12 messages · Evgeniy Kachalin, Martin Maechler, Jean-Christophe BOUETTE +6 more

#
Hello to all users and wizards.

I am regulary using 'boxplot' function or its analogue - 'bwplot' from 
the 'lattice' library. But they are, as far as I understand, totally 
flawed in functionality: they miss ability to select what they would 
draw 'in the middle' - median, mean. What the box means - standard 
error, 90% or something else. What the whiskers mean - 100%, 99% or 
something else.
Is there any way to realize it? Or is there any other good data 
visualization function for comparing means of various data groups? 
Ideally I would like to have a bit more customised function for doing 
that. For example, 'boxplot(a~b,data=d,mid='mean').
#
Boxplots were invented by John W. Tukey and I think should be
counted among the top "small but smart" achievements from the
20th century.  Very wisely he did *not* use mean and standard deviations.

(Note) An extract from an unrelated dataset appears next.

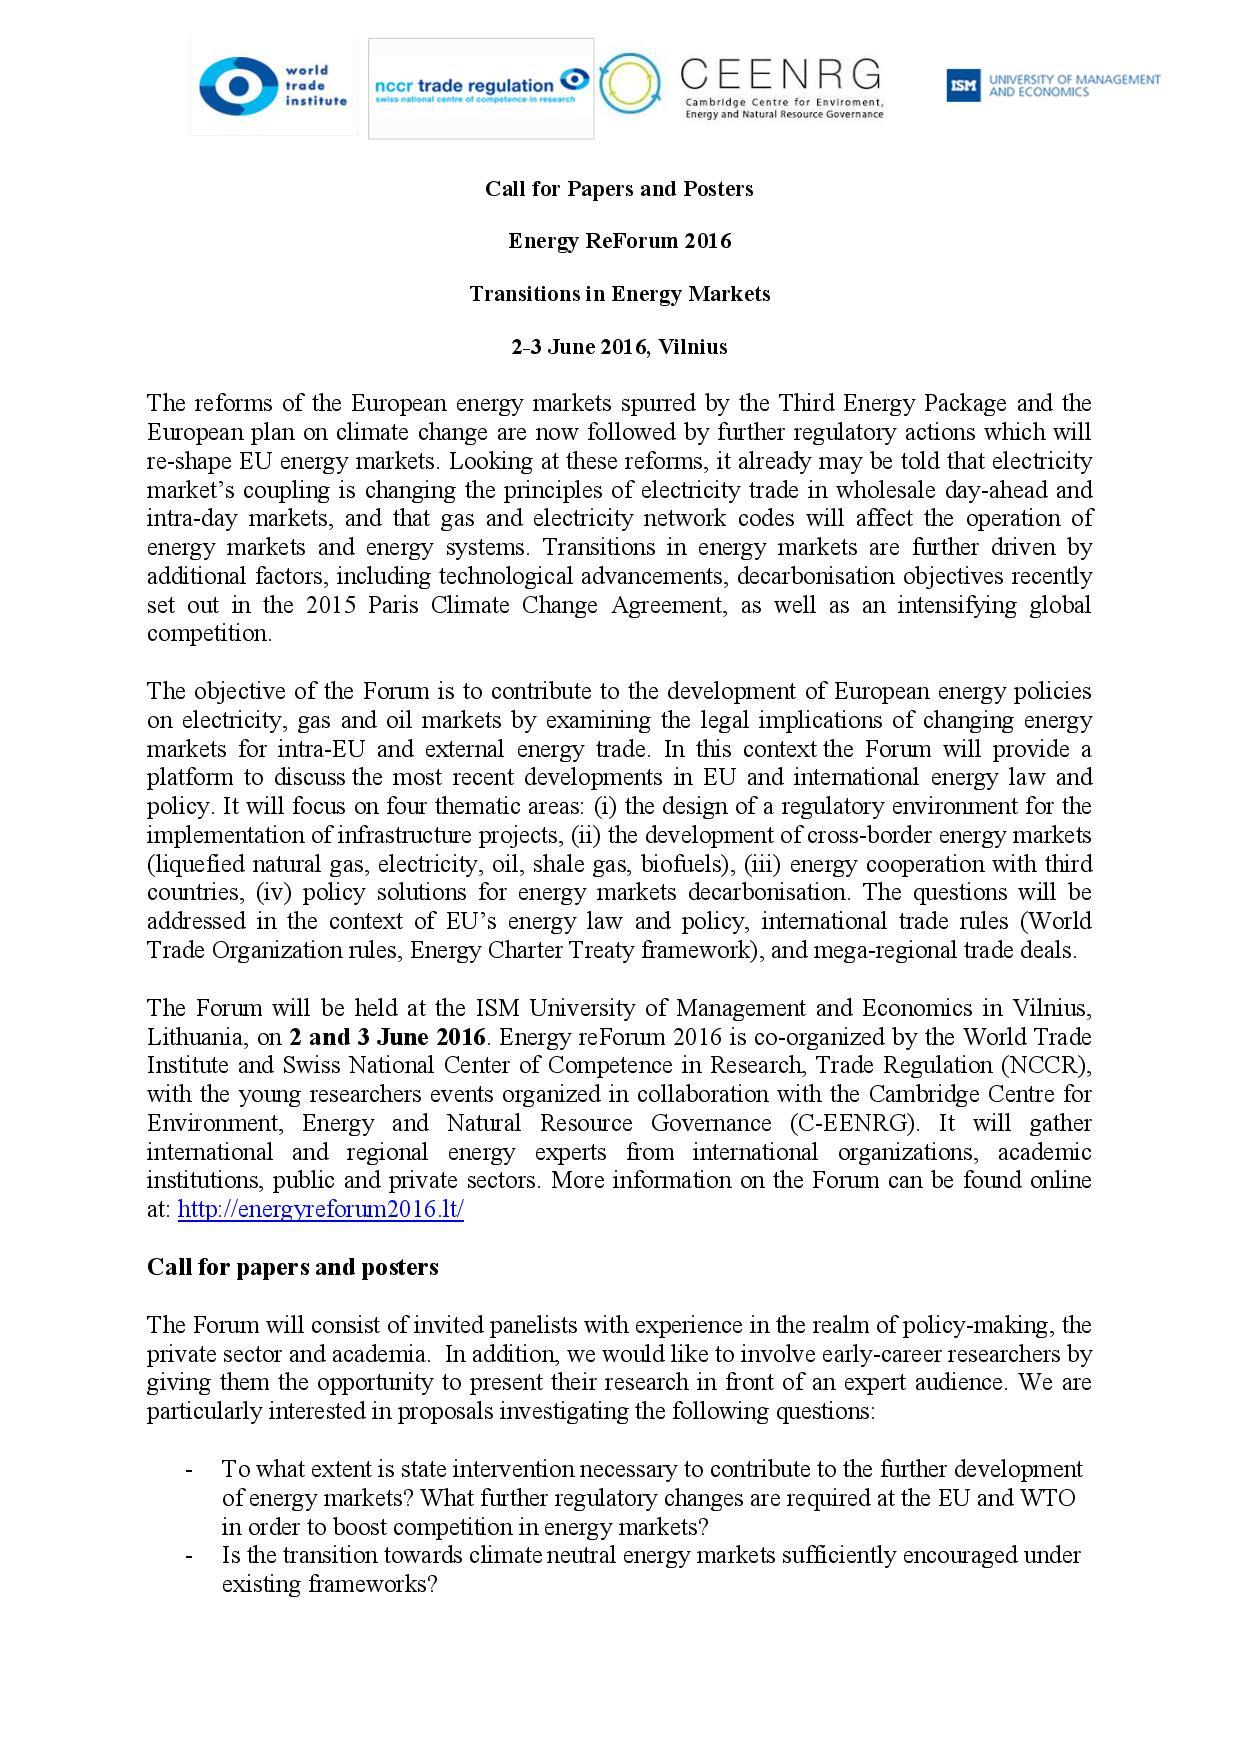 Call for Papers and Posters - Energy ReForum 2016 on Transitions in Energy Markets
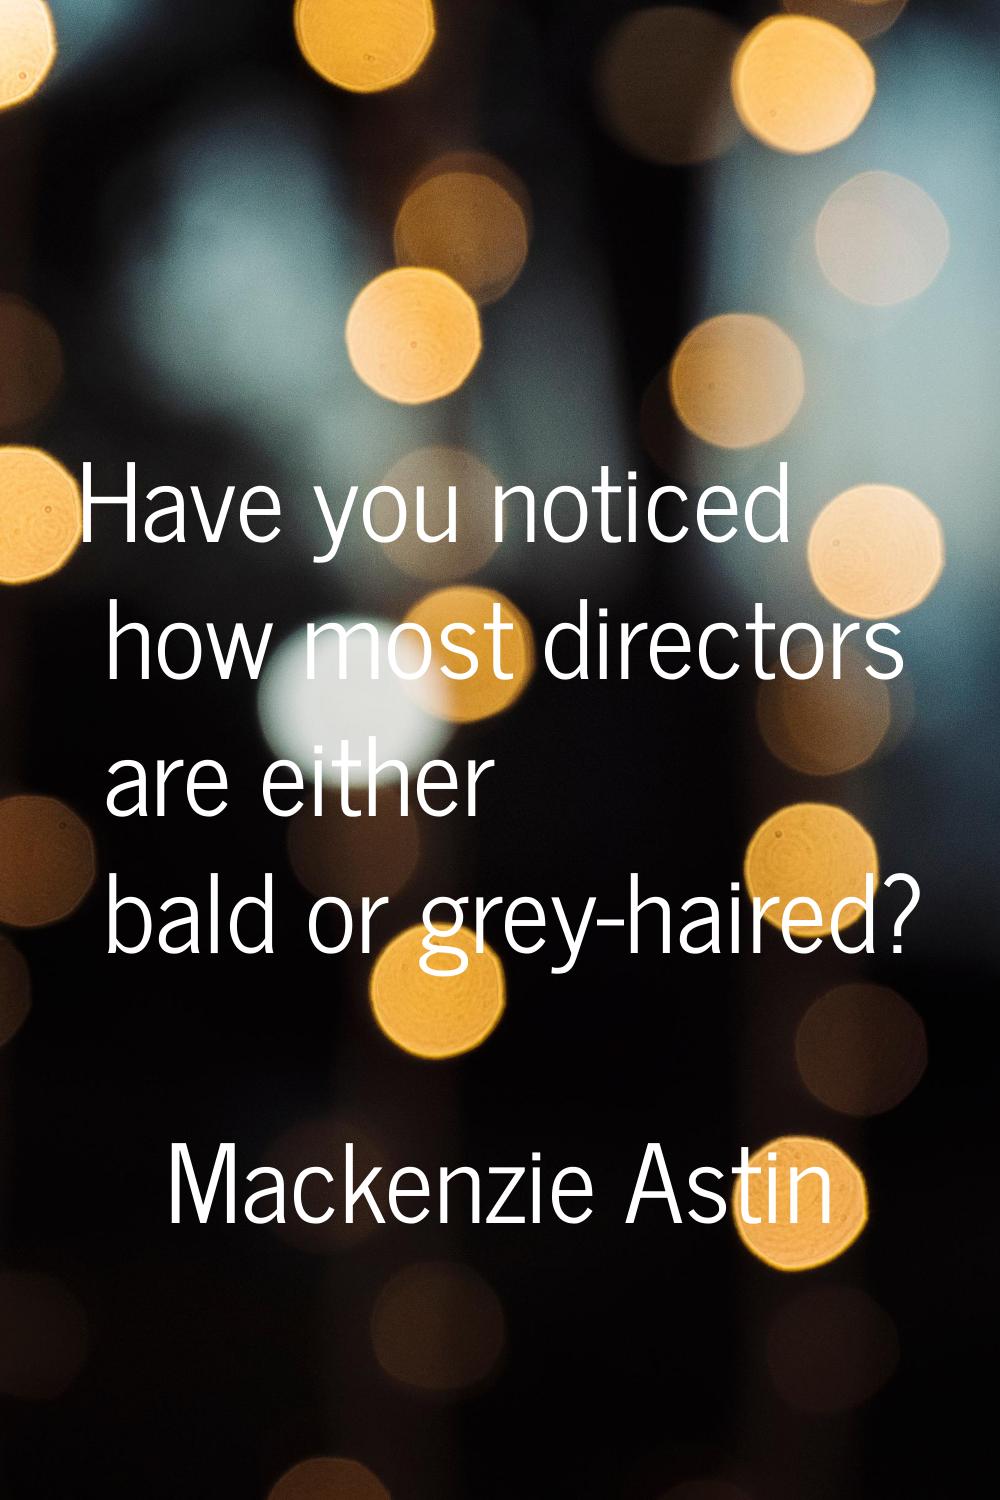 Have you noticed how most directors are either bald or grey-haired?

Even though it's possible to draw boxplots that are not boxplots
(and people only recently explained how to do this with R on this
 mailing list), I'm arguing very strongly against this.

If I see a boxplot - I'd want it to be a boxplot and not have
the silly (please excuse)  10%--------90% whiskers  which
declare 20% of the points as outliers {in the boxplot sense}.

If you want the mean +/- sd plot, do *not* misuse boxplots
for them, please! 

Martin Maechler, ETH Zurich
Evgeniy> Hello to all users and wizards.
    Evgeniy> I am regulary using 'boxplot' function or its analogue - 'bwplot' from 
    Evgeniy> the 'lattice' library. 

 [there's the lattice *package*  !]

    Evgeniy> But they are, as far as I understand, totally 
    Evgeniy> flawed in functionality: they miss ability to select what they would 
    Evgeniy> draw 'in the middle' - median, mean. What the box means - standard 
    Evgeniy> error, 90% or something else. What the whiskers mean - 100%, 99% or 
    Evgeniy> something else.
    Evgeniy> Is there any way to realize it? Or is there any other good data 
    Evgeniy> visualization function for comparing means of various data groups? 
    Evgeniy> Ideally I would like to have a bit more customised function for doing 
    Evgeniy> that. For example, 'boxplot(a~b,data=d,mid='mean').


    Evgeniy> -- 
    Evgeniy> Evgeniy, ICQ 38317310.
#
I'm no wizard but looking at ?boxplot I think you should try ?bxp.

HTH,
Jean-Christophe.

2005/12/1, Evgeniy Kachalin <ka4alin at yandex.ru>:
#
Martin Maechler ??????????:
So I analize genetics data. I have some factor (gene variant, c(1,2,3))
and the quantitative variable corresponding to that factor. How do I
visualize this situation? Compare mean of samples corresponding to
factor values?

Should boxplot support 'mean-in-the-middle', it would fit my needs
ideally. How do I plot mean +/- SD plot?

Also there is a way to rewrite boxplot.stats and replace "fivenum" there
for self-made function. Then I would need to write self-made
boxplot.formula (or boxplot.default?) function. And all this stuff would
not be configurable. I'm still novice in R, so I need simple way to
pre-visualize my data and estimate approximate result.
#
I'd like to add two comments to Martin's sensible response.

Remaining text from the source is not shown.